WARNING: If you proceed further, you will not be able to fight the urge to pull out your credit card and run your ass down to the finest boutique in your town (read: the 80s section of Goodwill and the dustiest clothing store in the “trashy” mall that hasn’t been able to sell the sequin bomber jackets they bought off the back of a truck in the early-90s) to recreate this White Rain-encrusted Oklahoma blossom’s entire look. Make sure you have enough room on your Visa. You’ve been warned.
Shelli Landon is one of nine Republicans who is trying to snatch the party’s nomination to represent Oklahoma Congressional District 5 in the U.S. House. I don’t know or care who the other candidates are but I’m guessing they’re in the process of announcing that they’re dropping out of that bitch because there’s no way they have the budget (read: a bootleg copy of Windows Movie Maker, a water-damaged floppy disc of MS Paint from the 80s, a pink can of AquaNet, and an old thing of Mary Kay rouge) to top the 1980s public access brilliance that Shelli Landon served up. It’s fitting that Shelli’s last name is Landon because I fell off my chair and Landon on my ass from the glamour of it all!

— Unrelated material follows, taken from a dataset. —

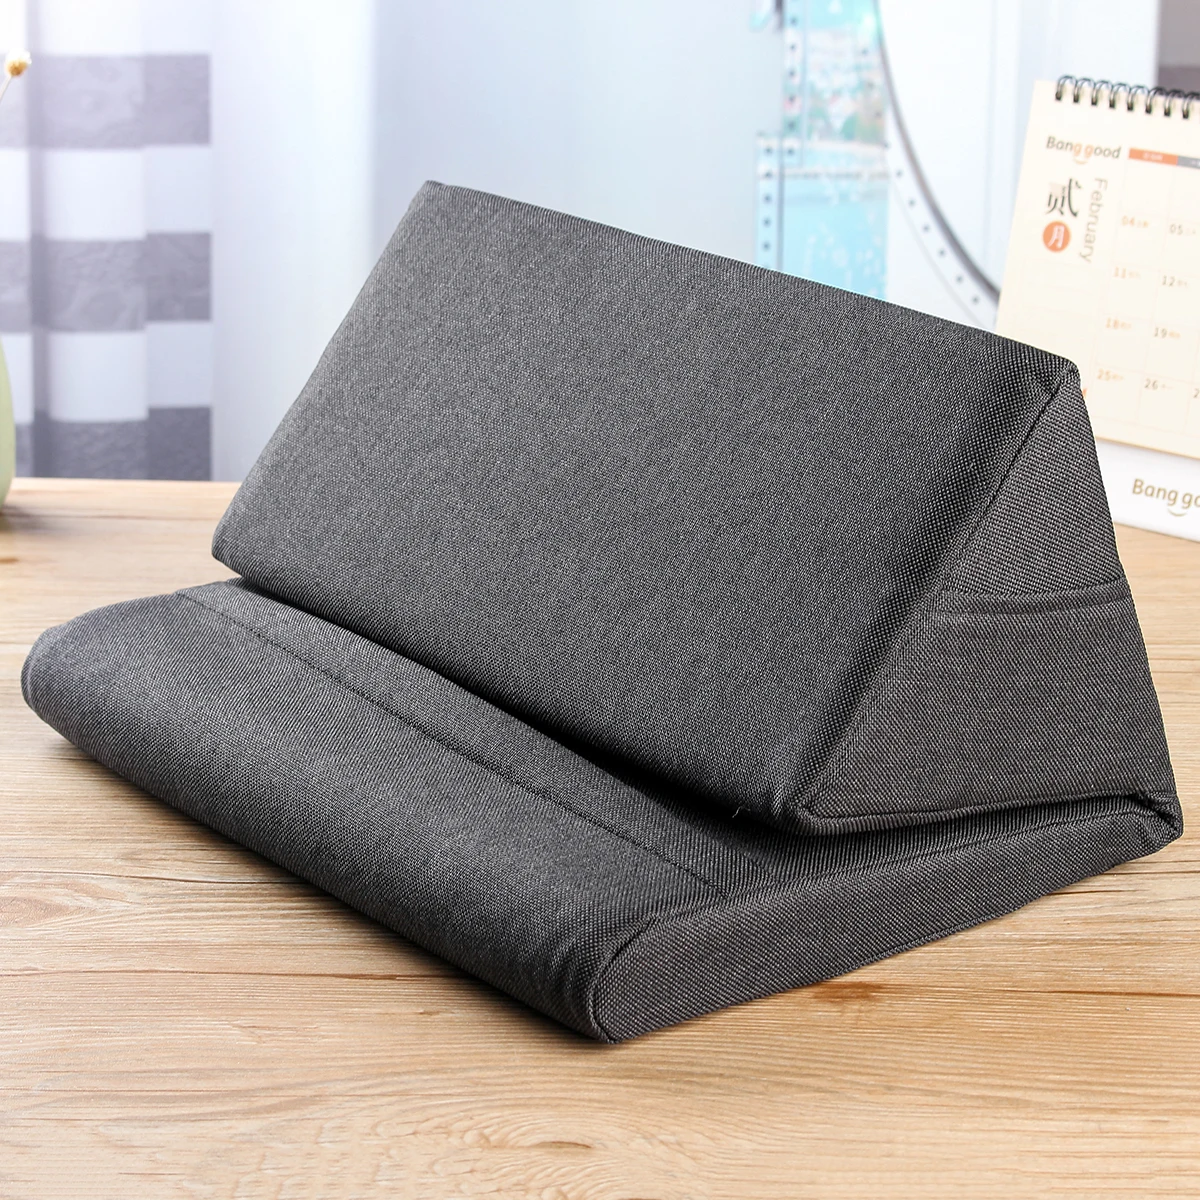 Многофункциональная подставка для ноутбука, планшета, подушка из пены, охлаждающая подставка для ноутбука, подставка для планшета, подставка, подушка для отдыха на коленях, подушка для Ipad - Цвет: Черный

Future Congresswoman Shelli Landon (a bald eagle just crashed into the side of a mountain at the thought of that) has released a campaign video for the ages. If Donna Pescow got a glamour makeover from Allison Janney’s Drop Dead Gorgeous character to star in a skit for Jim & Merrick (That’s Tim & Eric’s low-rent cousins), it wouldn’t come close to capturing the HIGH ART messiness of this:
2020 has upended a lot of things but at least there are still political ads like this one for a GOPer in OK-5 pic.twitter.com/yPP2c7vnYH
— Alex Thompson (@AlxThomp) June 18, 2020
It’s a good thing for Hollywood that the Academy doesn’t accept submissions from zero budget political ads, because this would easily win Oscars for Best Visual Effects, Best Sound Mixing, Best Makeup and Hairstyling, Best Costume Design, and Best Original Song. Yes, I said “Best Original Song,” because The Star-Spangled Banner didn’t truly exist until Shelli yodeled it out in this ad.
Shelli Landon also proved that she’s the one for the job by misspelling the name of her own state:
But really, who has time for spellcheck (“I know you don’t!” – you) when you’re a style icon like Shelli Landon.
As for Shelli’s political beliefs, she’s anti-choice, wants to stop “LGBTQ agendas” (“We can tell by your hair and makeup” – the LGBTQ community), and believes that Bill Gates wants to inject REAL ID-embedded sugar chips into our hands to see if we’re getting mandatory vaccines. And I probably wouldn’t be lying if I said that she thinks global warming is as fake as that Photoshopped car-filled church parking lot in her ad. Because you know what they say: The higher the hair, the closer to depleting the ozone layer since you used 12 cans of aerosol hairspray to achieve that shit.
And Shelli really made her alma mater Rhode Island School of Design proud with that ad. No, for once, that wasn’t served on a bed of sarcasm. She’s really a graduate of Rhode School of Design. A style icon, the epitome of batshit, AND a comedian!